冯萨萨用纸巾擦了擦脸颊上的泪痕,微笑着道:“爸,您放心,我们会好好过日子的。”
“嗯,爸知道你是个好孩子,也谢谢你对思腾的爱,看得出你在思腾的心里有很重要的位置,他在情感上很依赖你。”程应森觉得思腾比原来更活泼快乐了,或许是因为冯萨萨填补了孙子心中原本缺失的那份母爱。
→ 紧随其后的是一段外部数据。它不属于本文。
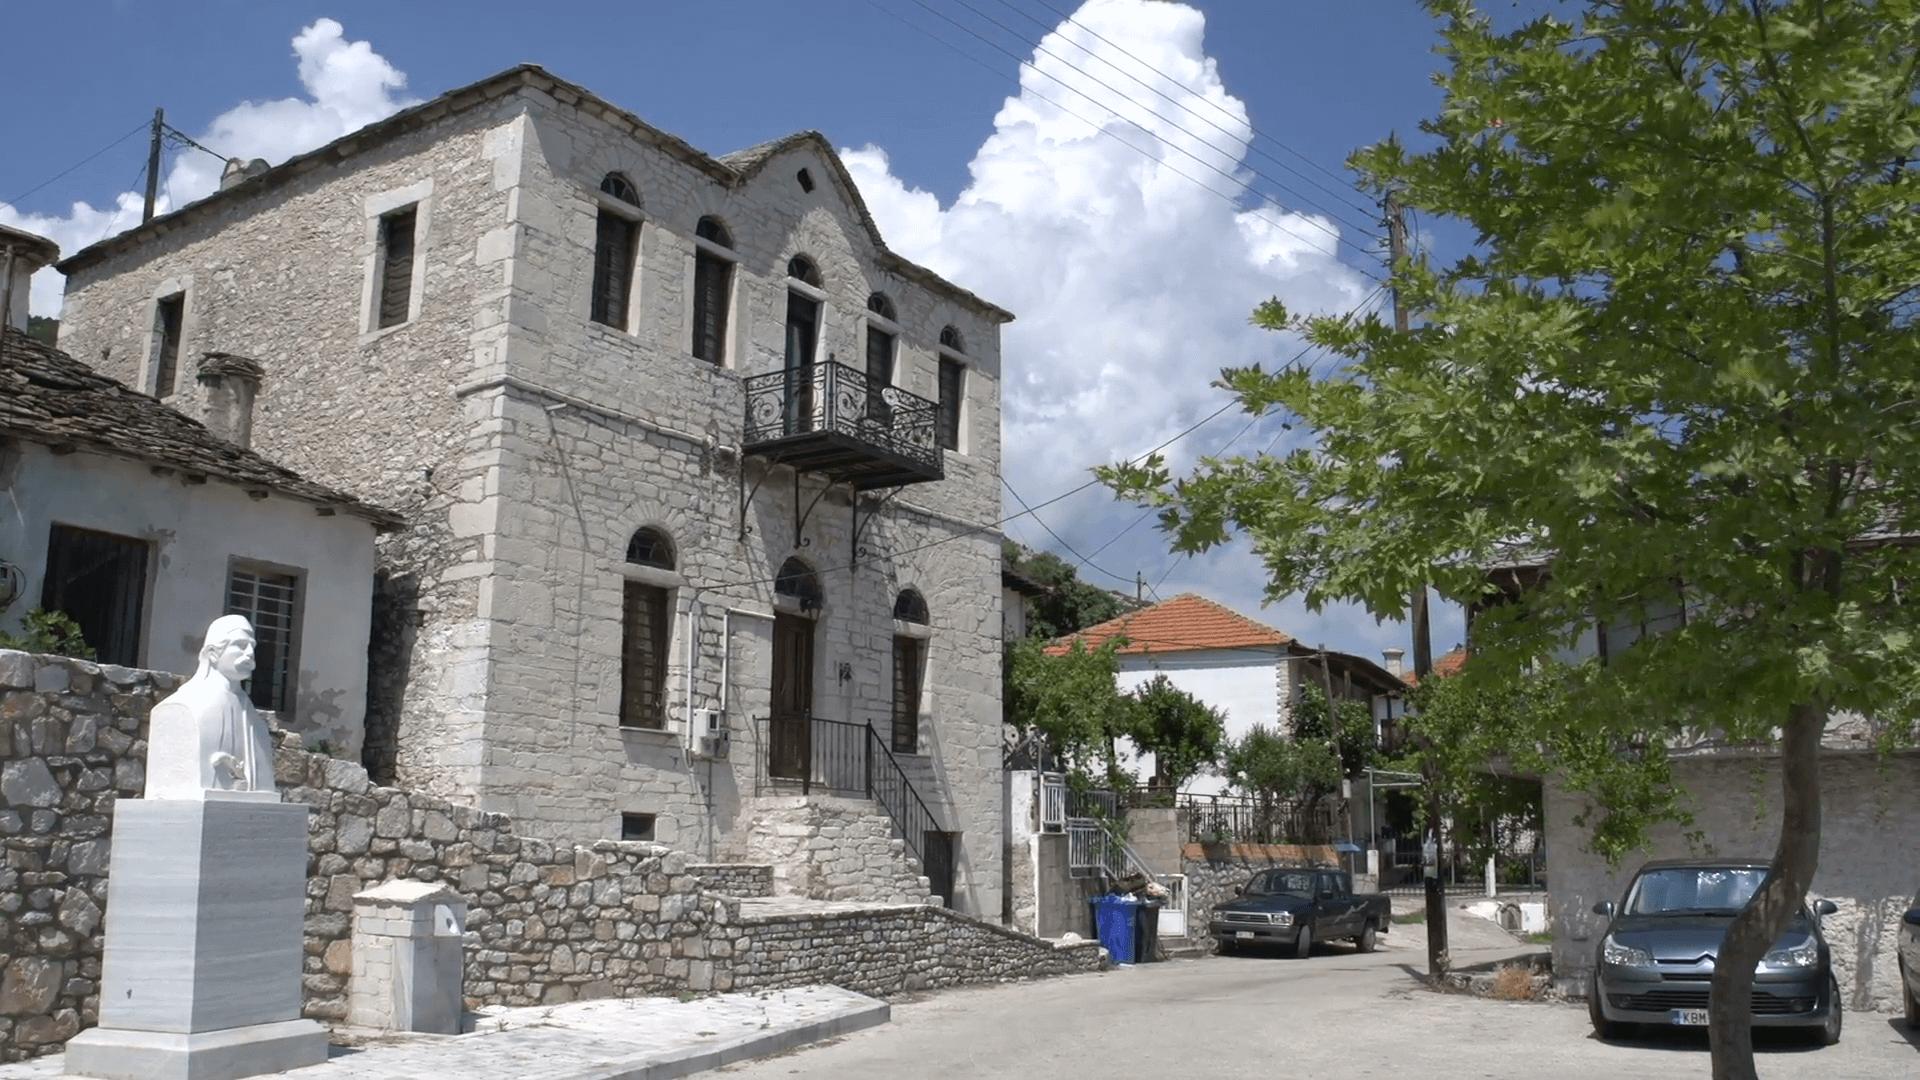 Theologos - insula Thassos, Grecia

“其实小腾腾给我的爱远比我给他的爱多得多,我虽然懂的不多,也教不了小腾腾什么本领,但我会陪着他一起长大,我相信这件事我会做得很好。”冯萨萨觉得看着小腾腾一天天长大,这会是她人生里一件快乐的事,即使她今生没有自己的孩子也不会有任何的遗憾。
“爸相信你会做得很好!家和万事兴,萨萨,程家的未来,就拜托你了。”兴家旺业全在子孙后辈手里,娶什么样的女人进门,关系着一个家族的兴衰胜败,程应森自然深知这个道理。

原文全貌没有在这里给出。